Reproduce the records below word for word.

▼

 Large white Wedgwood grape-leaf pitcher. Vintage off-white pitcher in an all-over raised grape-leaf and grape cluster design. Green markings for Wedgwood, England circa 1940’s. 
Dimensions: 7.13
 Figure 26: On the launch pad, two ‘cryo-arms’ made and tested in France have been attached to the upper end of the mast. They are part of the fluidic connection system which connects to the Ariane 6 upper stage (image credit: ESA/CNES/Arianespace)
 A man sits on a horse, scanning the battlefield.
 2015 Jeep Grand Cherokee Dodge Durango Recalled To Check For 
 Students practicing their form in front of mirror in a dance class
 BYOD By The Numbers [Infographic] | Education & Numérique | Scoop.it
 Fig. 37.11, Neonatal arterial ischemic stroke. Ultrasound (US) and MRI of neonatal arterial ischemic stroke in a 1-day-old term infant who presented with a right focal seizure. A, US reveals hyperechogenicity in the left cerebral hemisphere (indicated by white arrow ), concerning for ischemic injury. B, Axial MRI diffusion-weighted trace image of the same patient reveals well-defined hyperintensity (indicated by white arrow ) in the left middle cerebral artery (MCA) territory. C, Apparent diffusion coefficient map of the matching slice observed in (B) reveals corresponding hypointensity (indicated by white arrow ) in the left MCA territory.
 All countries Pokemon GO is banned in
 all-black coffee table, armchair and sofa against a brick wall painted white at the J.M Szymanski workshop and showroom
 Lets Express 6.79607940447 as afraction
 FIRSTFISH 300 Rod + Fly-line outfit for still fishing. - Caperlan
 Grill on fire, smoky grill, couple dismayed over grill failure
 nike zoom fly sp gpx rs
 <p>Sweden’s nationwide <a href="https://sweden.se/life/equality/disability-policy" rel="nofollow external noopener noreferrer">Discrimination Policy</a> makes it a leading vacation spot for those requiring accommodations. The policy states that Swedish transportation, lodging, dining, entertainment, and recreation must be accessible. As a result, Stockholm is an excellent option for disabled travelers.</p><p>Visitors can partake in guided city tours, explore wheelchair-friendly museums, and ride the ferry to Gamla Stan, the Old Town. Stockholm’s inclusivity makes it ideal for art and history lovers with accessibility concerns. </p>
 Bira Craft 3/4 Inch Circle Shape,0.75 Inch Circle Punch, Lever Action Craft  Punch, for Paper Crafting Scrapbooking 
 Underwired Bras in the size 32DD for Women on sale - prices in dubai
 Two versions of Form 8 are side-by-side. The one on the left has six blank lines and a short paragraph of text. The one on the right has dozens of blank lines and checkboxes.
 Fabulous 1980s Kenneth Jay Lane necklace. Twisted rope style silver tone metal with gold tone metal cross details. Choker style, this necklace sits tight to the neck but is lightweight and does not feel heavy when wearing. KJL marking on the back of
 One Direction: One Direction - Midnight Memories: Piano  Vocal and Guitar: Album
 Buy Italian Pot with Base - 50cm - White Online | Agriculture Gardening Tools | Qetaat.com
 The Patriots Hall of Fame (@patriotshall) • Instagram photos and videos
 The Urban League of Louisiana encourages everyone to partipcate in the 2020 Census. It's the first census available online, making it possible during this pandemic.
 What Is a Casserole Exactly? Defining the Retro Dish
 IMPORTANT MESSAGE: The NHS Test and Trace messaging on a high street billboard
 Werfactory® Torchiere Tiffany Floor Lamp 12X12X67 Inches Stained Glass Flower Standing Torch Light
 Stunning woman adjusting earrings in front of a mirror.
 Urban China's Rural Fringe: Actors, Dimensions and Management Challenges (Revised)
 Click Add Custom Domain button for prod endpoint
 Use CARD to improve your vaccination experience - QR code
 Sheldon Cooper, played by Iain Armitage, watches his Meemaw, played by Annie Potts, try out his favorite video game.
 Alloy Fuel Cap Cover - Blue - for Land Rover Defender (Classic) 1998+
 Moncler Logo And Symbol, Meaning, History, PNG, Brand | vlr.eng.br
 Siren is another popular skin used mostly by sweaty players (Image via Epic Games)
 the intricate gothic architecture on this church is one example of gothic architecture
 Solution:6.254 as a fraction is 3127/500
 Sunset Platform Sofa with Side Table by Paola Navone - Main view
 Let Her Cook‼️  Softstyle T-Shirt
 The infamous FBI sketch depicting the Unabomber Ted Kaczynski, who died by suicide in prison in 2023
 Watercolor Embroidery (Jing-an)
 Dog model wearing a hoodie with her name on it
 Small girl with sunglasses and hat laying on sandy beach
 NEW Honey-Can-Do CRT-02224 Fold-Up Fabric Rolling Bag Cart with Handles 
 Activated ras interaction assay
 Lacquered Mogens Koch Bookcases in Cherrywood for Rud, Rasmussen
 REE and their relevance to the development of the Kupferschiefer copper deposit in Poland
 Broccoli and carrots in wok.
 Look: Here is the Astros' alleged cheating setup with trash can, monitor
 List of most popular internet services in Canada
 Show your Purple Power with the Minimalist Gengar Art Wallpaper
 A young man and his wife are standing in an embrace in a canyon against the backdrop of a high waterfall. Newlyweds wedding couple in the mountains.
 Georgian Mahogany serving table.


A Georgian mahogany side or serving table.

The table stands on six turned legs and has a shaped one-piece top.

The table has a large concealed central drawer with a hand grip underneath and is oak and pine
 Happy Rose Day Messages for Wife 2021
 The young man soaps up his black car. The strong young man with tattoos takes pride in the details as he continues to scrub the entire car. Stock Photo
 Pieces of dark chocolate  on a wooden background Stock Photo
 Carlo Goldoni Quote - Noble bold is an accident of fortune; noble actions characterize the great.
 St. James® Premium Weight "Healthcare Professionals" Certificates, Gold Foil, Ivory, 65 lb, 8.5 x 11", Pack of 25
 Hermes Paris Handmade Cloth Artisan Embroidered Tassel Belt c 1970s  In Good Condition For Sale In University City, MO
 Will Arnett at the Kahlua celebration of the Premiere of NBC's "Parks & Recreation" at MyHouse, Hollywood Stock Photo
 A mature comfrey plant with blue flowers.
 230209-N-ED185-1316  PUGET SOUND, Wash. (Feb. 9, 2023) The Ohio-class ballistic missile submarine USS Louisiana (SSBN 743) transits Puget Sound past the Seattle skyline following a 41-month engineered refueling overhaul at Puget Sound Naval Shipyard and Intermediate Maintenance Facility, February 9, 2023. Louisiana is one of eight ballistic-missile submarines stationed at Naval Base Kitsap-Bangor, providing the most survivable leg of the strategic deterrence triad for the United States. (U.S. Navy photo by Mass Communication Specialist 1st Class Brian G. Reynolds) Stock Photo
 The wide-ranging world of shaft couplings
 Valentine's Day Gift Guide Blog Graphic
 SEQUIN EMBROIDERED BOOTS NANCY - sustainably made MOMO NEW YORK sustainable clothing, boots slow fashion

▲

= EXPECTED OUTPUT =
 Large white Wedgwood grape-leaf pitcher. Vintage off-white pitcher in an all-over raised grape-leaf and grape cluster design. Green markings for Wedgwood, England circa 1940’s. 
Dimensions: 7.13
 Figure 26: On the launch pad, two ‘cryo-arms’ made and tested in France have been attached to the upper end of the mast. They are part of the fluidic connection system which connects to the Ariane 6 upper stage (image credit: ESA/CNES/Arianespace)
 A man sits on a horse, scanning the battlefield.
 2015 Jeep Grand Cherokee Dodge Durango Recalled To Check For 
 Students practicing their form in front of mirror in a dance class
 BYOD By The Numbers [Infographic] | Education & Numérique | Scoop.it
 Fig. 37.11, Neonatal arterial ischemic stroke. Ultrasound (US) and MRI of neonatal arterial ischemic stroke in a 1-day-old term infant who presented with a right focal seizure. A, US reveals hyperechogenicity in the left cerebral hemisphere (indicated by white arrow ), concerning for ischemic injury. B, Axial MRI diffusion-weighted trace image of the same patient reveals well-defined hyperintensity (indicated by white arrow ) in the left middle cerebral artery (MCA) territory. C, Apparent diffusion coefficient map of the matching slice observed in (B) reveals corresponding hypointensity (indicated by white arrow ) in the left MCA territory.
 All countries Pokemon GO is banned in
 all-black coffee table, armchair and sofa against a brick wall painted white at the J.M Szymanski workshop and showroom
 Lets Express 6.79607940447 as afraction
 FIRSTFISH 300 Rod + Fly-line outfit for still fishing. - Caperlan
 Grill on fire, smoky grill, couple dismayed over grill failure
 nike zoom fly sp gpx rs
 <p>Sweden’s nationwide <a href="https://sweden.se/life/equality/disability-policy" rel="nofollow external noopener noreferrer">Discrimination Policy</a> makes it a leading vacation spot for those requiring accommodations. The policy states that Swedish transportation, lodging, dining, entertainment, and recreation must be accessible. As a result, Stockholm is an excellent option for disabled travelers.</p><p>Visitors can partake in guided city tours, explore wheelchair-friendly museums, and ride the ferry to Gamla Stan, the Old Town. Stockholm’s inclusivity makes it ideal for art and history lovers with accessibility concerns. </p>
 Bira Craft 3/4 Inch Circle Shape,0.75 Inch Circle Punch, Lever Action Craft  Punch, for Paper Crafting Scrapbooking 
 Underwired Bras in the size 32DD for Women on sale - prices in dubai
 Two versions of Form 8 are side-by-side. The one on the left has six blank lines and a short paragraph of text. The one on the right has dozens of blank lines and checkboxes.
 Fabulous 1980s Kenneth Jay Lane necklace. Twisted rope style silver tone metal with gold tone metal cross details. Choker style, this necklace sits tight to the neck but is lightweight and does not feel heavy when wearing. KJL marking on the back of
 One Direction: One Direction - Midnight Memories: Piano  Vocal and Guitar: Album
 Buy Italian Pot with Base - 50cm - White Online | Agriculture Gardening Tools | Qetaat.com
 The Patriots Hall of Fame (@patriotshall) • Instagram photos and videos
 The Urban League of Louisiana encourages everyone to partipcate in the 2020 Census. It's the first census available online, making it possible during this pandemic.
 What Is a Casserole Exactly? Defining the Retro Dish
 IMPORTANT MESSAGE: The NHS Test and Trace messaging on a high street billboard
 Werfactory® Torchiere Tiffany Floor Lamp 12X12X67 Inches Stained Glass Flower Standing Torch Light
 Stunning woman adjusting earrings in front of a mirror.
 Urban China's Rural Fringe: Actors, Dimensions and Management Challenges (Revised)
 Click Add Custom Domain button for prod endpoint
 Use CARD to improve your vaccination experience - QR code
 Sheldon Cooper, played by Iain Armitage, watches his Meemaw, played by Annie Potts, try out his favorite video game.
 Alloy Fuel Cap Cover - Blue - for Land Rover Defender (Classic) 1998+
 Moncler Logo And Symbol, Meaning, History, PNG, Brand | vlr.eng.br
 Siren is another popular skin used mostly by sweaty players (Image via Epic Games)
 the intricate gothic architecture on this church is one example of gothic architecture
 Solution:6.254 as a fraction is 3127/500
 Sunset Platform Sofa with Side Table by Paola Navone - Main view
 Let Her Cook‼️  Softstyle T-Shirt
 The infamous FBI sketch depicting the Unabomber Ted Kaczynski, who died by suicide in prison in 2023
 Watercolor Embroidery (Jing-an)
 Dog model wearing a hoodie with her name on it
 Small girl with sunglasses and hat laying on sandy beach
 NEW Honey-Can-Do CRT-02224 Fold-Up Fabric Rolling Bag Cart with Handles 
 Activated ras interaction assay
 Lacquered Mogens Koch Bookcases in Cherrywood for Rud, Rasmussen
 REE and their relevance to the development of the Kupferschiefer copper deposit in Poland
 Broccoli and carrots in wok.
 Look: Here is the Astros' alleged cheating setup with trash can, monitor
 List of most popular internet services in Canada
 Show your Purple Power with the Minimalist Gengar Art Wallpaper
 A young man and his wife are standing in an embrace in a canyon against the backdrop of a high waterfall. Newlyweds wedding couple in the mountains.
 Georgian Mahogany serving table.


A Georgian mahogany side or serving table.

The table stands on six turned legs and has a shaped one-piece top.

The table has a large concealed central drawer with a hand grip underneath and is oak and pine
 Happy Rose Day Messages for Wife 2021
 The young man soaps up his black car. The strong young man with tattoos takes pride in the details as he continues to scrub the entire car. Stock Photo
 Pieces of dark chocolate  on a wooden background Stock Photo
 Carlo Goldoni Quote - Noble bold is an accident of fortune; noble actions characterize the great.
 St. James® Premium Weight "Healthcare Professionals" Certificates, Gold Foil, Ivory, 65 lb, 8.5 x 11", Pack of 25
 Hermes Paris Handmade Cloth Artisan Embroidered Tassel Belt c 1970s  In Good Condition For Sale In University City, MO
 Will Arnett at the Kahlua celebration of the Premiere of NBC's "Parks & Recreation" at MyHouse, Hollywood Stock Photo
 A mature comfrey plant with blue flowers.
 230209-N-ED185-1316  PUGET SOUND, Wash. (Feb. 9, 2023) The Ohio-class ballistic missile submarine USS Louisiana (SSBN 743) transits Puget Sound past the Seattle skyline following a 41-month engineered refueling overhaul at Puget Sound Naval Shipyard and Intermediate Maintenance Facility, February 9, 2023. Louisiana is one of eight ballistic-missile submarines stationed at Naval Base Kitsap-Bangor, providing the most survivable leg of the strategic deterrence triad for the United States. (U.S. Navy photo by Mass Communication Specialist 1st Class Brian G. Reynolds) Stock Photo
 The wide-ranging world of shaft couplings
 Valentine's Day Gift Guide Blog Graphic
 SEQUIN EMBROIDERED BOOTS NANCY - sustainably made MOMO NEW YORK sustainable clothing, boots slow fashion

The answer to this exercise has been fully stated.